Tier-1 OR Tier-2. Over a 5-min Derkachi replay against
``e2e-net.internal: true``, ``docker network inspect e2e-net`` MUST show
zero packets from the SUT container to any non-``e2e-net`` destination.

The egress-counter snapshot pair is sourced from the SITL replay
fixture (AZ-595) since the live ``docker network inspect`` call requires
a running e2e-runner container with Docker-API access — which only
exists inside the harness, not on the developer workstation. The
scenario test therefore behaves identically to the other fixture-
consumer NFTs: skip cleanly without fixtures; parse + verdict + record
when fixtures are present.

Production dependency surfaced to AZ-595: fixture JSON shape

    {
      "window_label": "<str>",
      "before": {"egress_packets_to_internal_net": <int>,
                 "egress_packets_to_other_destinations": <int>,
                 "udp53_egress_packets": <int>},
      "after":  {... same shape ...}
    }
"""

from __future__ import annotations

import json
import os
from pathlib import Path

import pytest

from runner.helpers import egress_observer as eo

NFT_SEC_02_FIXTURE_ENV_VAR = "E2E_NFT_SEC_02_FIXTURE"
NFT_SEC_02_DEFAULT_FIXTURE_NAME = "nft_sec_02_no_egress.json"


@pytest.mark.scenario_id("nft-sec-02")
@pytest.mark.traces_to("AC-NEW-10,AC-1,AC-4")
def test_nft_sec_02_no_egress(
    fc_adapter: str,
    vio_strategy: str,
    evidence_dir,  # type: ignore[no-untyped-def]
    run_id: str,
    nfr_recorder,  # type: ignore[no-untyped-def]
    sitl_replay_ready: bool,
) -> None:
    """AC-1: 0 packets to non-e2e-net during the 5-min replay window."""
    if not sitl_replay_ready:
        pytest.skip(
            "NFT-SEC-02 requires `E2E_SITL_REPLAY_DIR` to point at a "
            "prepared SITL replay fixture (AZ-595) carrying the Docker "
            "network-stats before/after snapshots.

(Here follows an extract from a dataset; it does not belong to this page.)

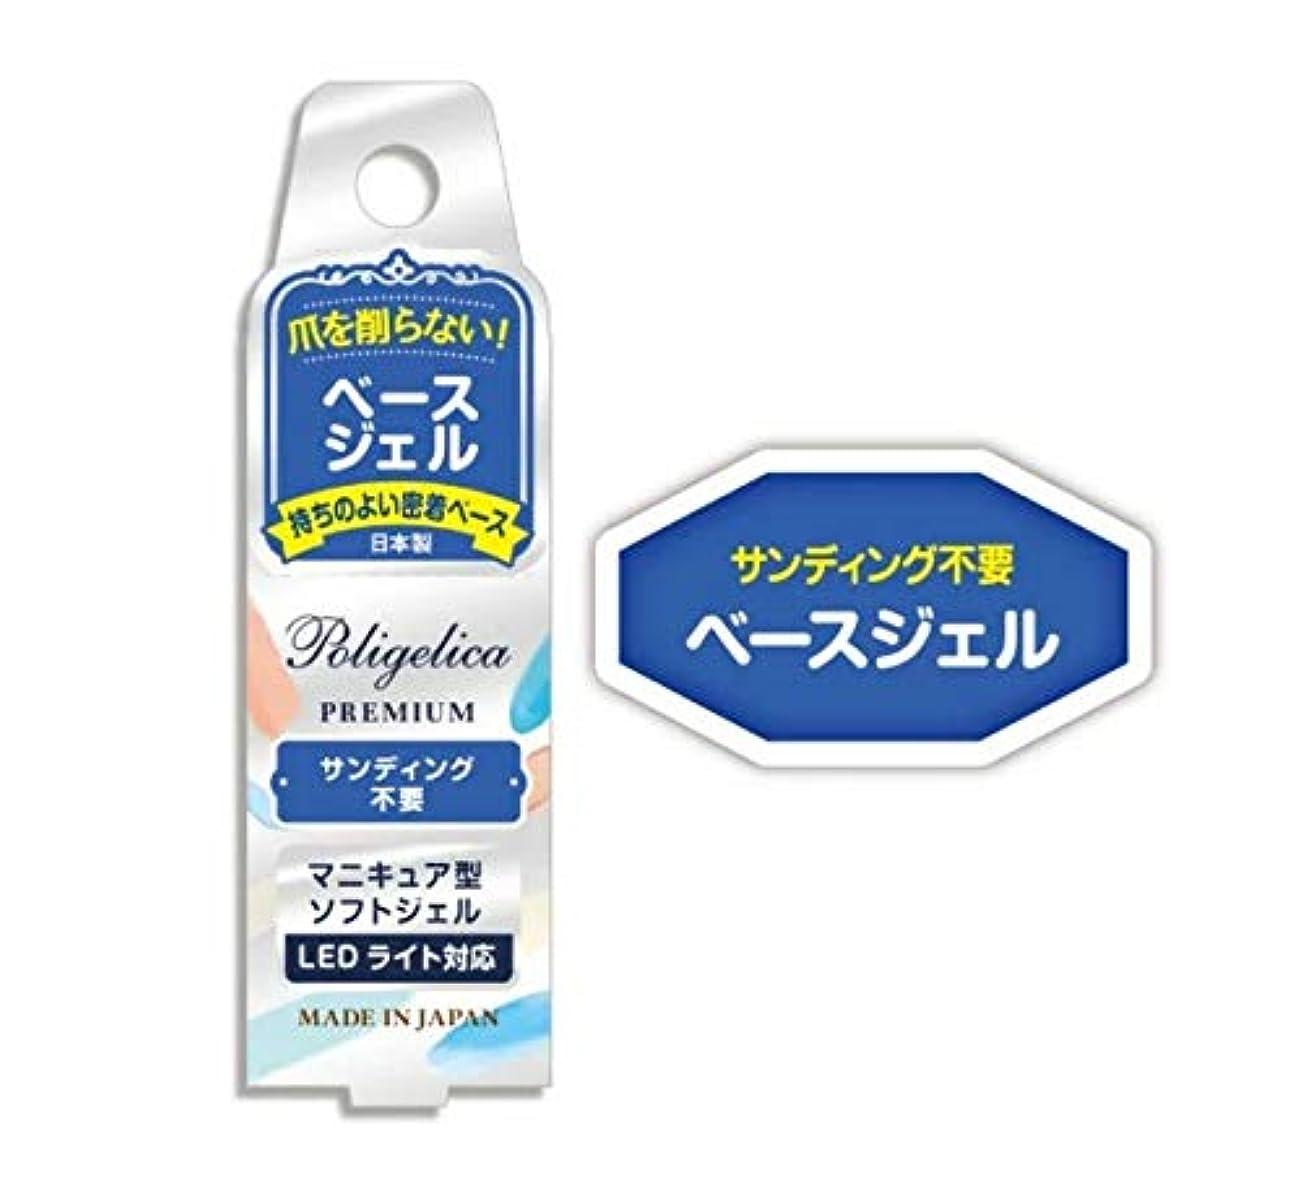 ほぼ収束する追放するBWポリジェリカ プレミアムベースジェル 6g APGB1001 日本製 ソフト ジェル ネイル サンディング不要 爪 密着 マニキュア型

Pure delta-verdict "
            "logic covered by "
            "e2e/_unit_tests/helpers/test_egress_observer.py."
        )

    fixture_path = _resolve_fixture_path()
    if not fixture_path.is_file():
        pytest.fail(
            f"NFT-SEC-02: fixture not found at {fixture_path}. "
            f"`{NFT_SEC_02_FIXTURE_ENV_VAR}` env var must point at a JSON "
            "file with the schema documented in the scenario docstring. "
            "Production dependency: AZ-595."
        )

    payload = json.loads(fixture_path.read_text())
    before, after, window_label = _parse_payload(payload, fixture_path)
    report = eo.evaluate_no_egress(before, after, window_label=window_label)
    out_csv = (
        evidence_dir
        / "nft-sec-02"
        / f"{fc_adapter}-{vio_strategy}.csv"
    )
    eo.write_no_egress_csv_evidence(out_csv, report)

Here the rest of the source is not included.